Palestyńczycy stawiają warunki Izraelowi
Władze Autonomii Palestyńskiej
ograniczą działalność grup paramilitarnych dopiero wtedy, gdy
Izrael powstrzyma się od działań wojskowych na terytorium
palestyńskim - przekazały w piątek władze palestyńskie.
Jeśli wojska izraelskie opuszczą palestyńskie ziemie, Palestyńczycy rozbroją grupy paramilitarne oraz zamkną instytucje powiązane z Hamasem i Islamskim Dżihadem - grupami, które są odpowiedzialne za niedawny samobójczy zamach w Jerozolimie.
Palestyńczycy żądają też natychmiastowej interwencji USA na Bliskim Wschodzie. Według nich tylko Waszyngton jest w stanie jeszcze uratować "mapę drogową", plan pokojowy zakładający utworzenie państwa palestyńskiego do 2005 r.
Władze palestyńskie podjęły takie decyzje na piątkowym posiedzeniu gabinetu, w którym brał udział przywódca Autonomii Palestyńskiej Jaser Arafat.
"Palestyńscy przywódcy są gotowi zaprowadzić prawo i porządek oraz ukarać tych, którzy to prawo naruszają. Ale nie uda się tego uzyskać, jeśli Izrael prowadzi wojnę przeciw Autonomii Palestyńskiej, jej obiektom cywilnym" - powiedział minister Jaser Abed Rabbo.
Abed Rabbo przekazał, że władze palestyńskie zwróciły się do USA, aby ponownie podjęły próbę mediacji w celu wprowadzenia "mapy drogowej", oraz aby nakłoniły Izrael do powstrzymania ataków na cele palestyńskiej.
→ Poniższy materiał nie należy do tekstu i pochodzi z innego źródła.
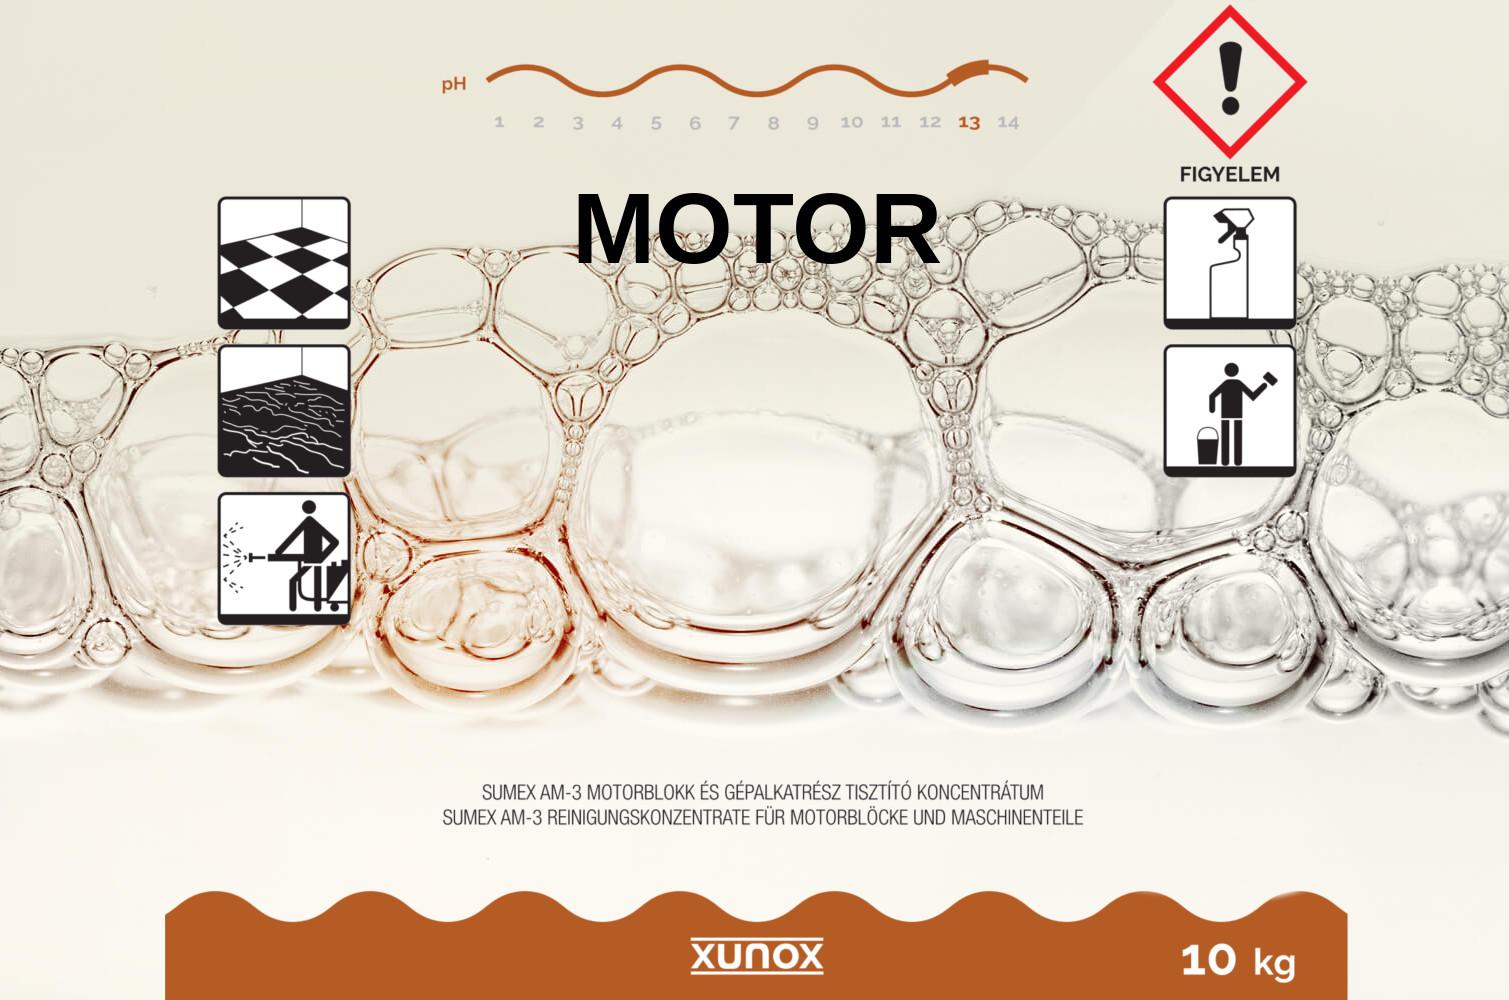 Xunox gépalkatrész tisztítószer koncentrátum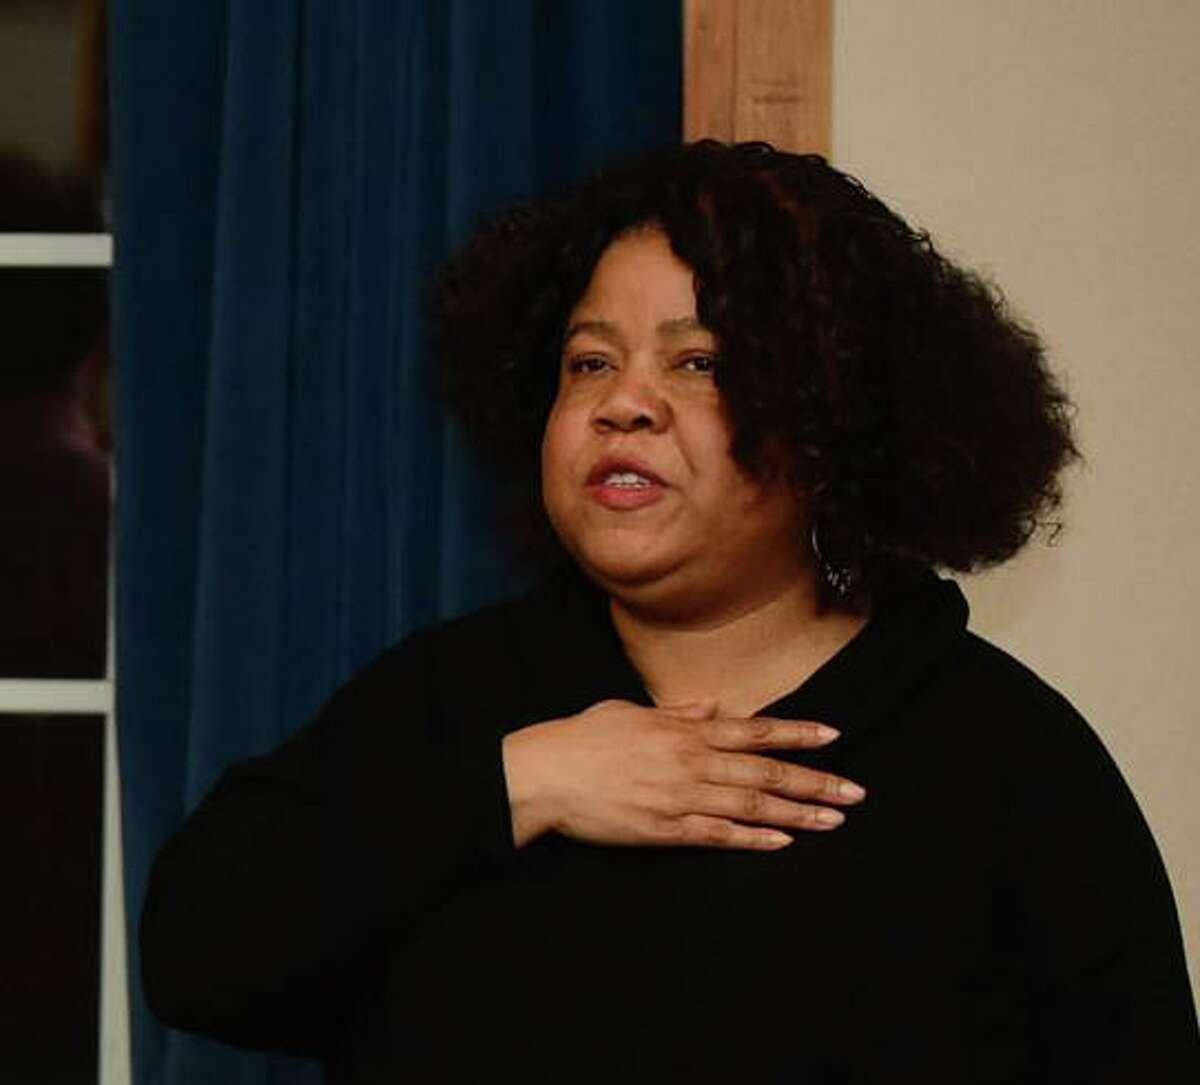 Board of Education member Sherelle Harris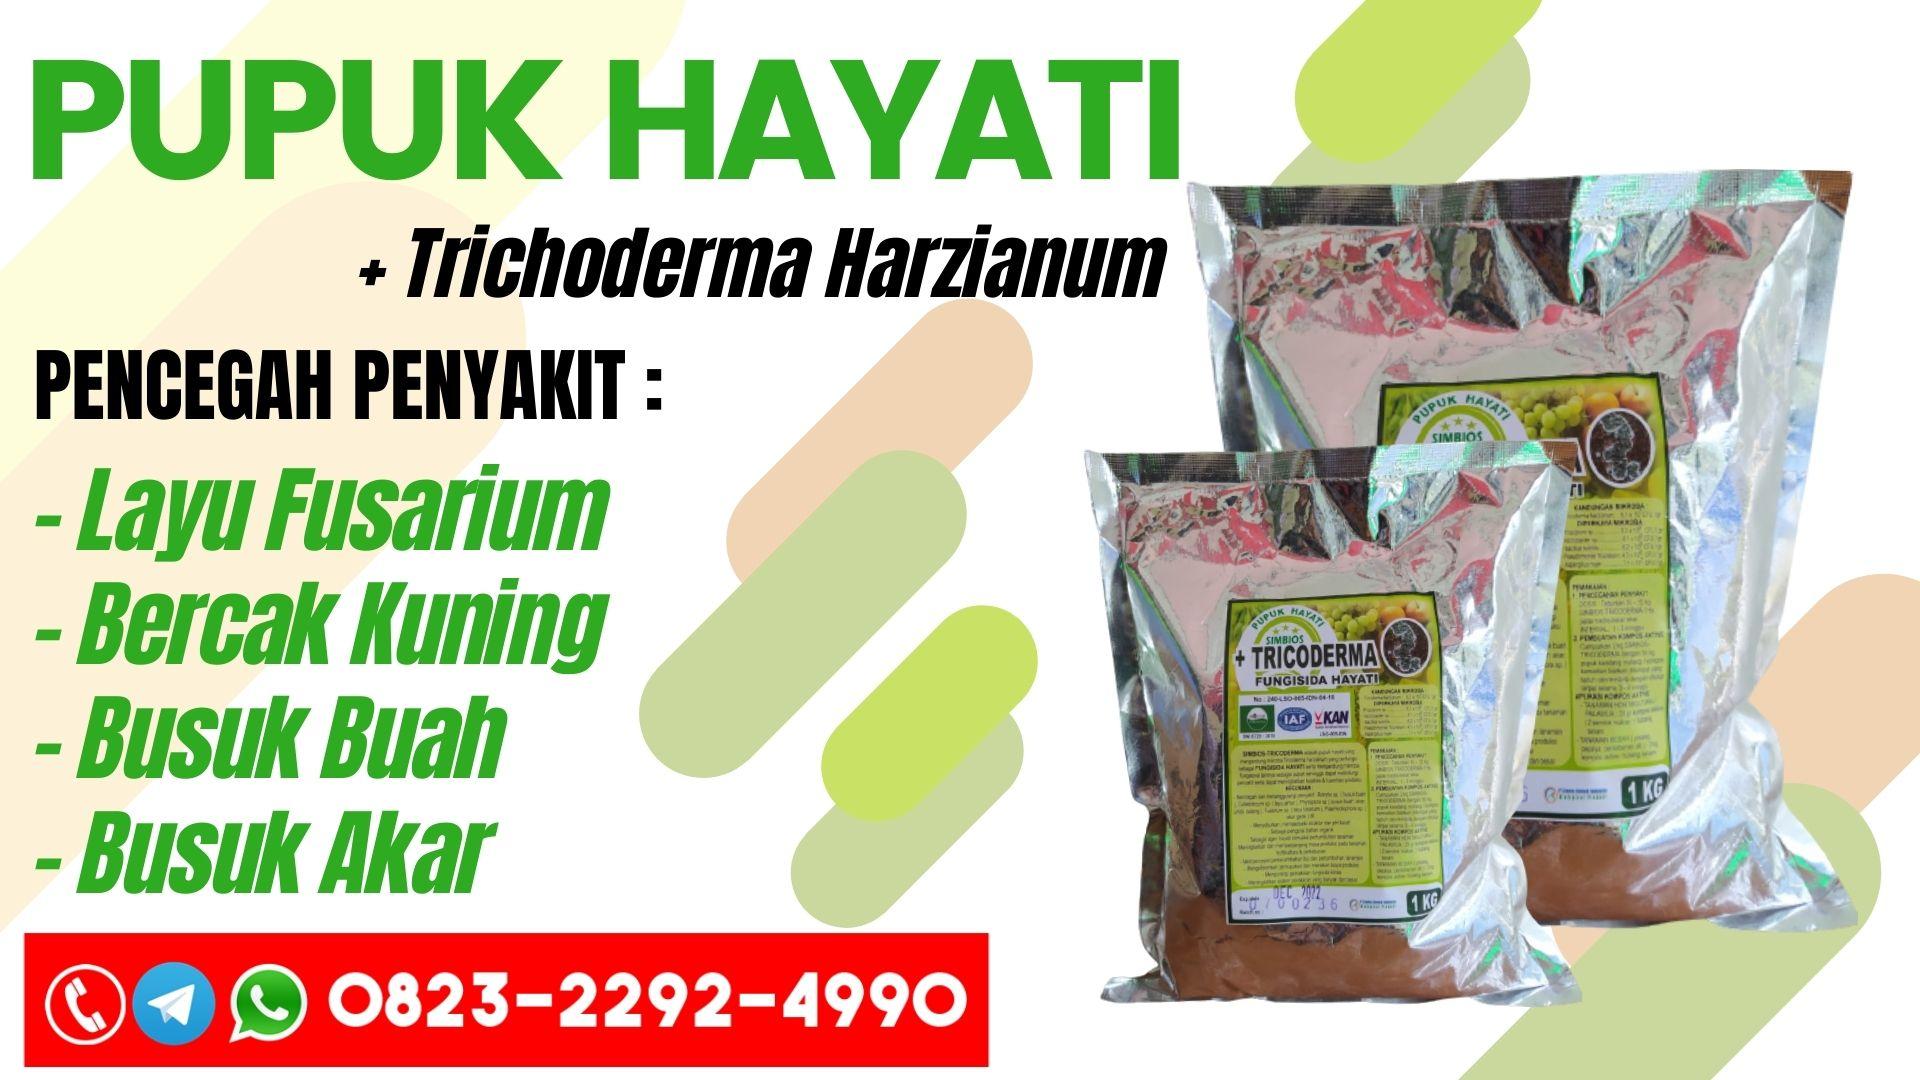 GROSIR Pupuk layu fusarium Serikin, HARGA Pupuk jamur layu fusarium Bau, Pupuk layu fusarium pada pisang Divisi Serian, Pupuk layu fusarium pada kacang panjang Balai Karangan, Pupuk layu fusarium pada kacang tanah, Pupuk obat layu fusarium kentang, Pupuk obat layu fusarium kentang, Pupuk klasifikasi layu fusarium, Pupuk penyakit layu fusarium pada kelapa sawit, Pupuk layu fusarium pada lombok, Pupuk layu fusarium melon

"Stany Zjednoczone muszą teraz odegrać aktywną rolę i natychmiast przysłać wysłanników z odpowiednimi uprawnieniami, którzy zapobiegną zerwaniu wszelkich ustaleń" - dodał Abed Rabbo.
Izrael wznowił blokadę palestyńskich miast oraz wstrzymał wycofywanie swych wojsk z Zachodniego Brzegu Jordanu po zamachu samobójczym, do jakiego doszło we wtorek w Jerozolimie. Zginęło w nim 20 osób.